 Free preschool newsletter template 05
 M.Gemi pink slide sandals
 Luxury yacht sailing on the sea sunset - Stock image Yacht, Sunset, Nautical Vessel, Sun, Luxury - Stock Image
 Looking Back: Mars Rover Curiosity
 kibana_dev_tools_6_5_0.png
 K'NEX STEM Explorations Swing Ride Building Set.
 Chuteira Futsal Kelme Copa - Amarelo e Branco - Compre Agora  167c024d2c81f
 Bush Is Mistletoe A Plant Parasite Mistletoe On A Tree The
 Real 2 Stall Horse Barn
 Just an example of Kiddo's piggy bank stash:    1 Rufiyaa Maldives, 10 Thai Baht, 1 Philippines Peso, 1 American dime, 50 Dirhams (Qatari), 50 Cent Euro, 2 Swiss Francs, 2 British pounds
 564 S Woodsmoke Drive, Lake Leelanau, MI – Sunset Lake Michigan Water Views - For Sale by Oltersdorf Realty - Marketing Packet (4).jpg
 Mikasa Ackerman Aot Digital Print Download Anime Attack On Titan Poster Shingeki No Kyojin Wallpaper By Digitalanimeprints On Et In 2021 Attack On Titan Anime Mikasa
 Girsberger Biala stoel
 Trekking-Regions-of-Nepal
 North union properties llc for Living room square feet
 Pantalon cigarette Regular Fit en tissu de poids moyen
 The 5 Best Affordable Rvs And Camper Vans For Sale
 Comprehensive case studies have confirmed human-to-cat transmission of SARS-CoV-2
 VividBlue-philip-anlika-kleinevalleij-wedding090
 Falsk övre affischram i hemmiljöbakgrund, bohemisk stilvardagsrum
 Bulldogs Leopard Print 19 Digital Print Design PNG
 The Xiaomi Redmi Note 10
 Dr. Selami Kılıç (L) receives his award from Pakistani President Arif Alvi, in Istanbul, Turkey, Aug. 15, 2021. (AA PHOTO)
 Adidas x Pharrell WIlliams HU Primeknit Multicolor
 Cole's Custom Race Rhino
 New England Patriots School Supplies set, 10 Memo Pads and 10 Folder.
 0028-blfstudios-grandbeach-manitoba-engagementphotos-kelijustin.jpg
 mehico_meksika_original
══════════════════════════════
● **TO DO**: Note every line above where the string "Sale" shows up, and copy those lines.

● **SOLUTION TO THIS PROBLEM**:
 564 S Woodsmoke Drive, Lake Leelanau, MI – Sunset Lake Michigan Water Views - For Sale by Oltersdorf Realty - Marketing Packet (4).jpg
 The 5 Best Affordable Rvs And Camper Vans For Sale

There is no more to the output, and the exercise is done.